College of General Practitioners of Sri Lanka
- Abbreviation: CGPSL
- Formation: 1969
- Website: www.cgpsl.lk

= College of General Practitioners of Sri Lanka =

Sri Lankan professional association

The College of General Practitioners of Sri Lanka (CGPSL) is the professional association for general (medical) practitioners (GPs/Family Physicians) in Sri Lanka. Formed in 1969, it was incorporated in 1974 with the incorporation law No. 26 being passed in the Parliament of Sri Lanka. The association does not regulate or certify doctors, a responsibility which lies with the Sri Lanka Medical Council. It carries out education and academic programs in family medicine. From 1980 to 1989 it formed and administrated the first private medical school in the country, the North Colombo Medical College offering its own MBBS degree.
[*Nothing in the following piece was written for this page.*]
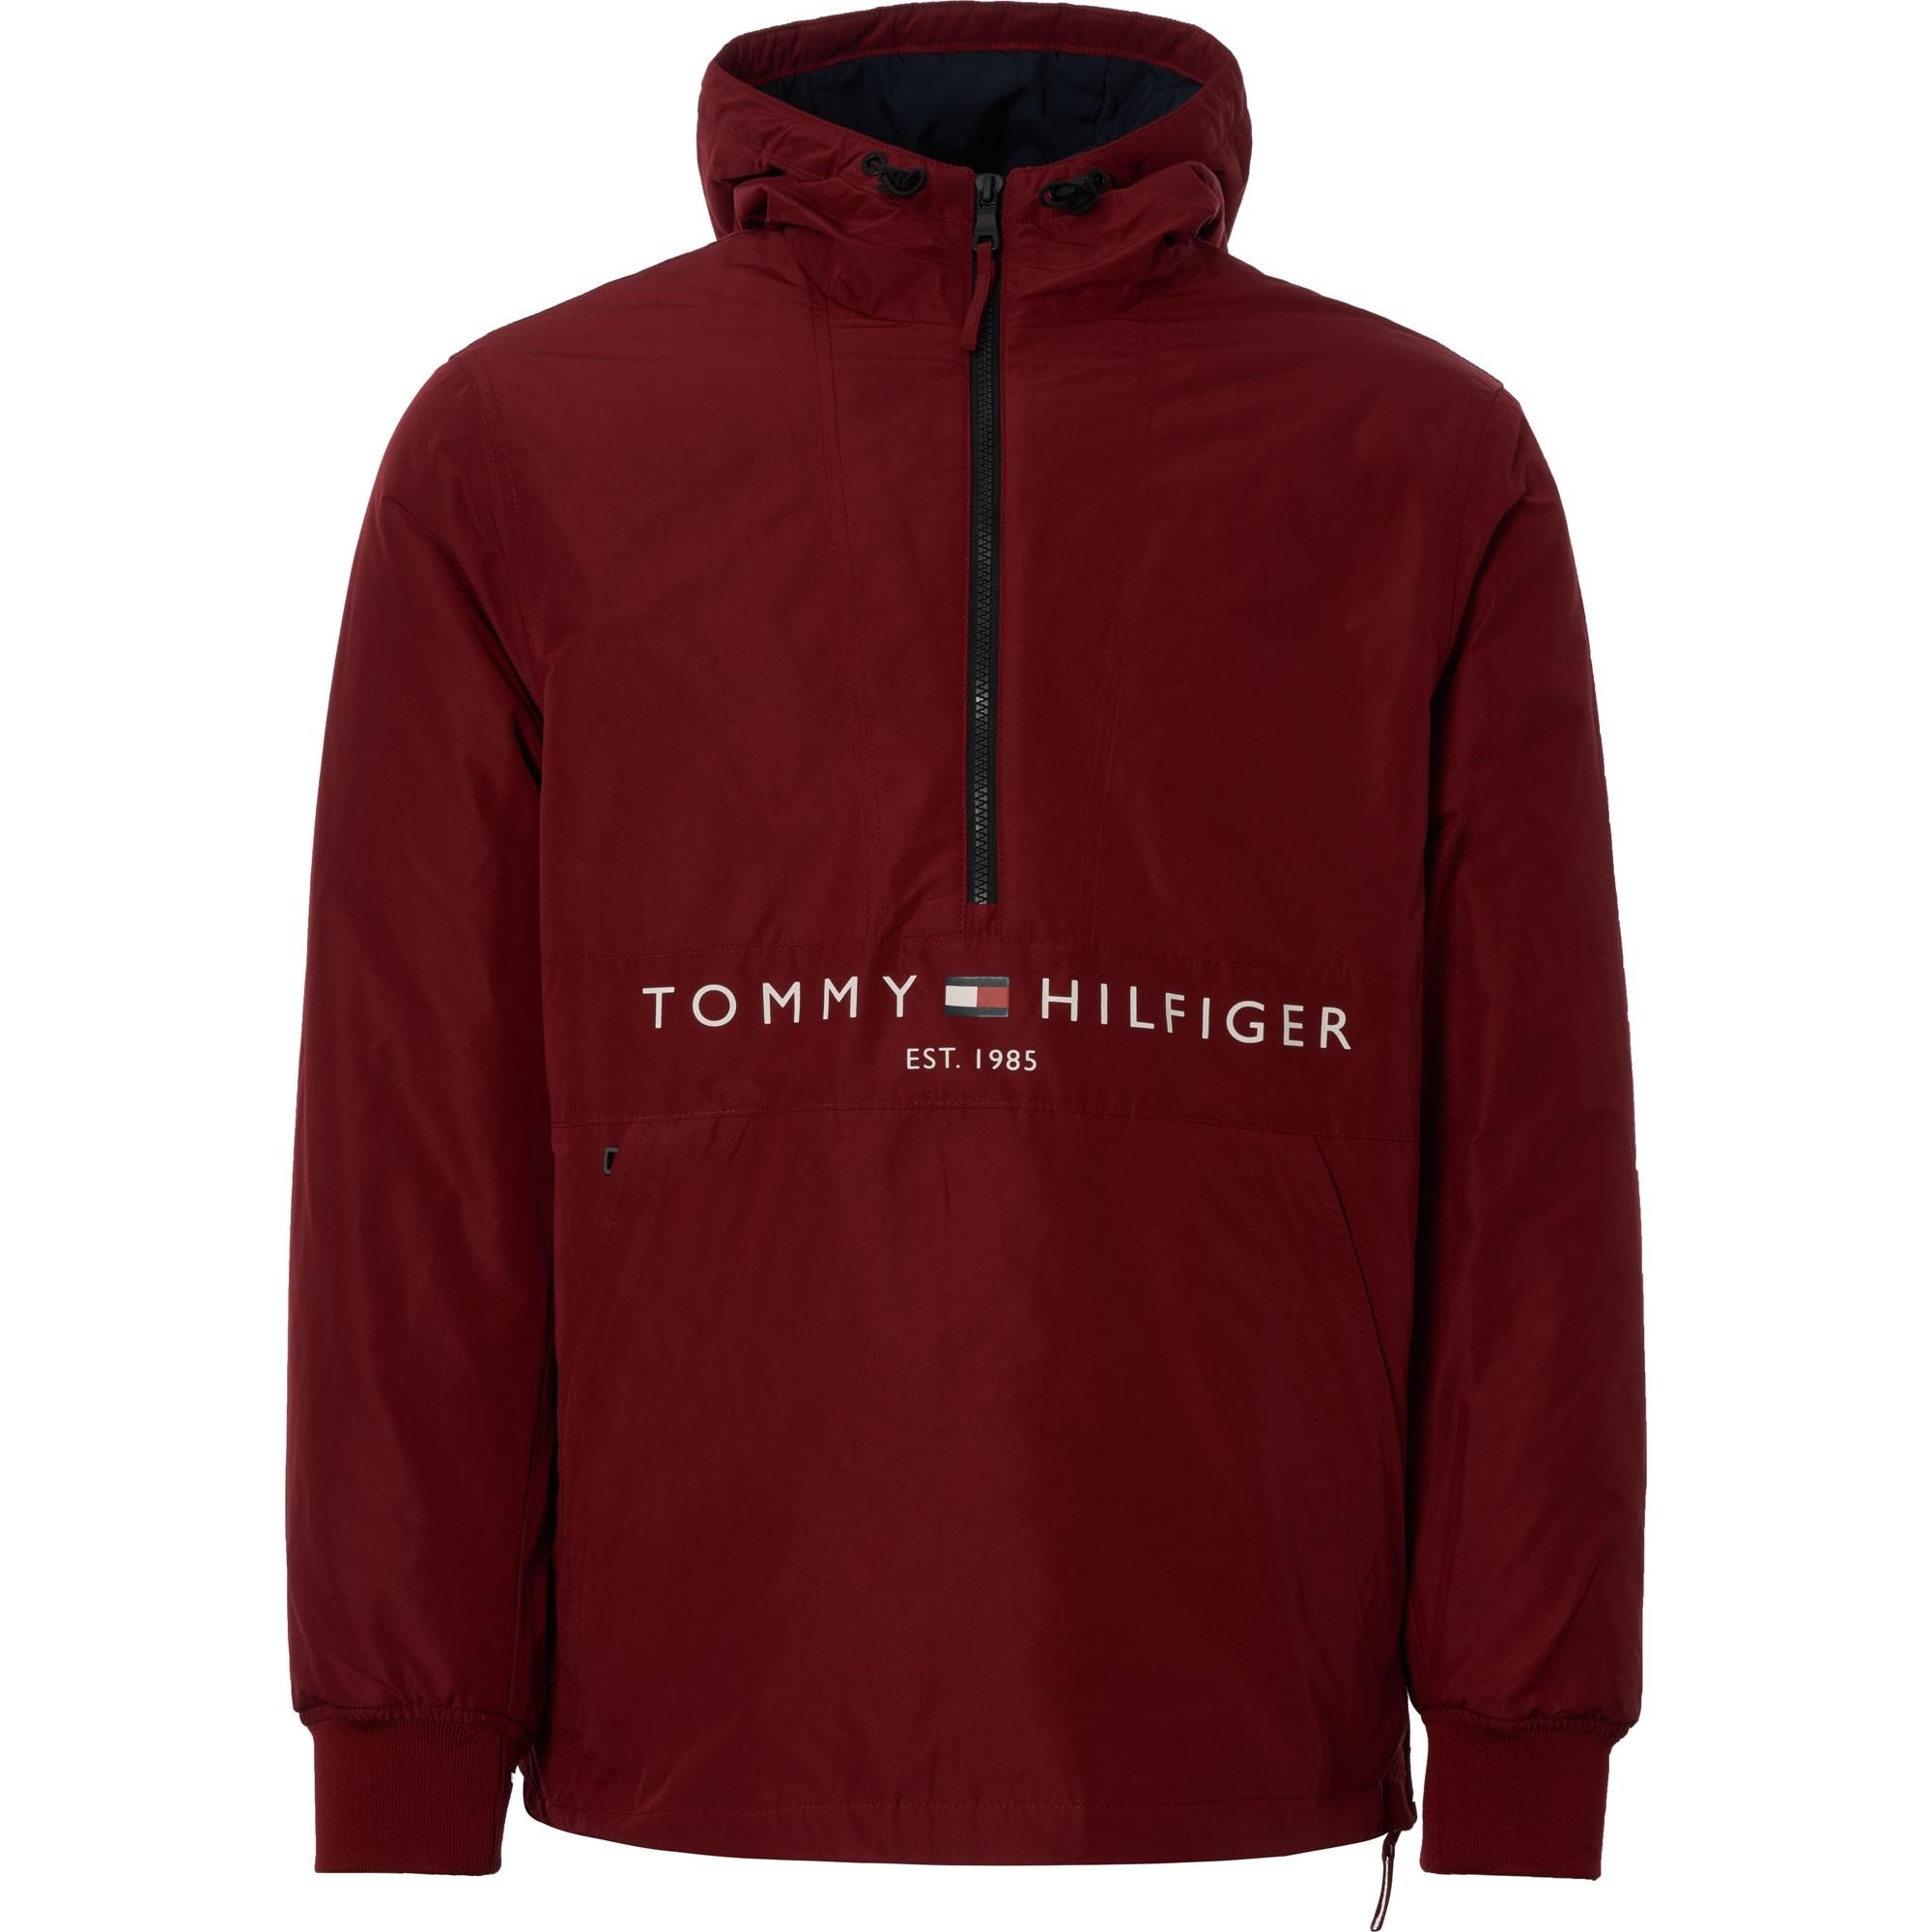 5f91855ce63d1 Tommy Hilfiger Padded Logo Anorak
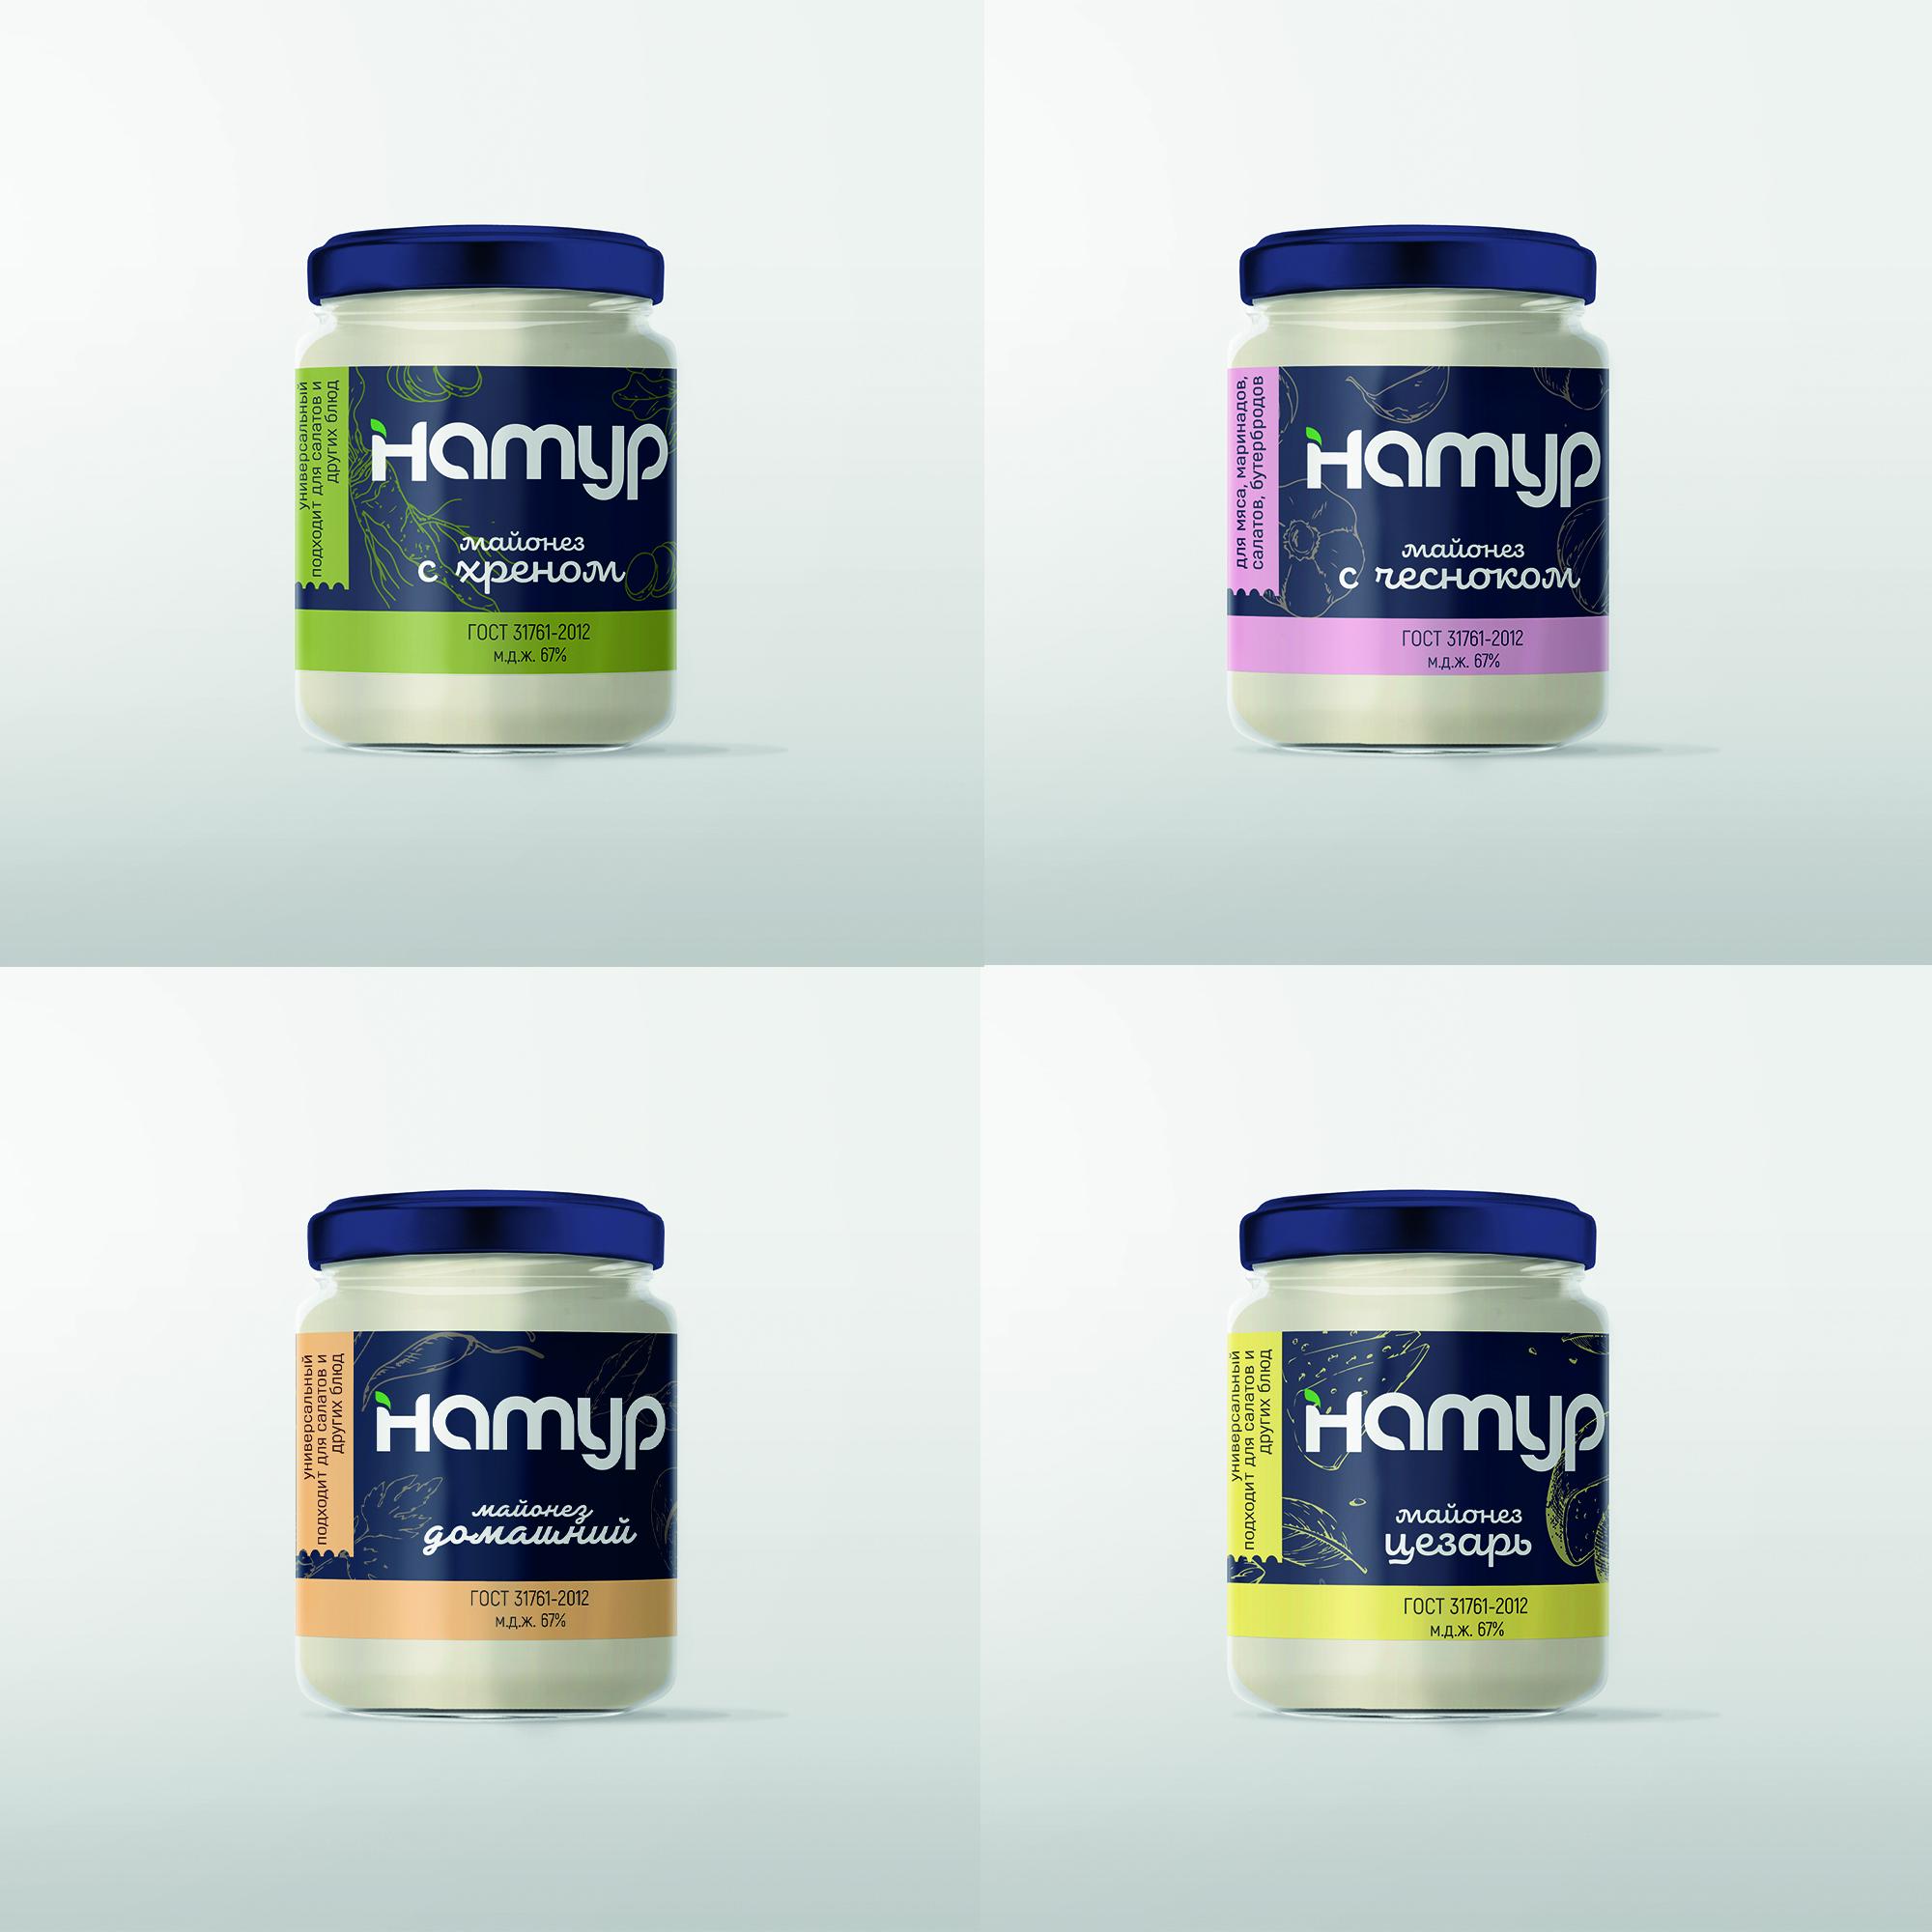 Редизайн упаковки, логотипа

Since 1979, it has been publishing the journal of the CGPSL, Sri Lankan Family Physician.

==Membership==
CGPSL has two grades of membership;

- Members (MCGP) - medical practitioners who have successfully completed the College's assessments and applied for membership.
- Fellows (FCGP) - an honour and mark of achievement awarded to members.

The Faculty of Teachers of the College of General Practitioners of Sri Lanka conduct the course of training and MCGP examination. This is the only diploma program recognized by the Sri Lanka Medical Council other than State University programs.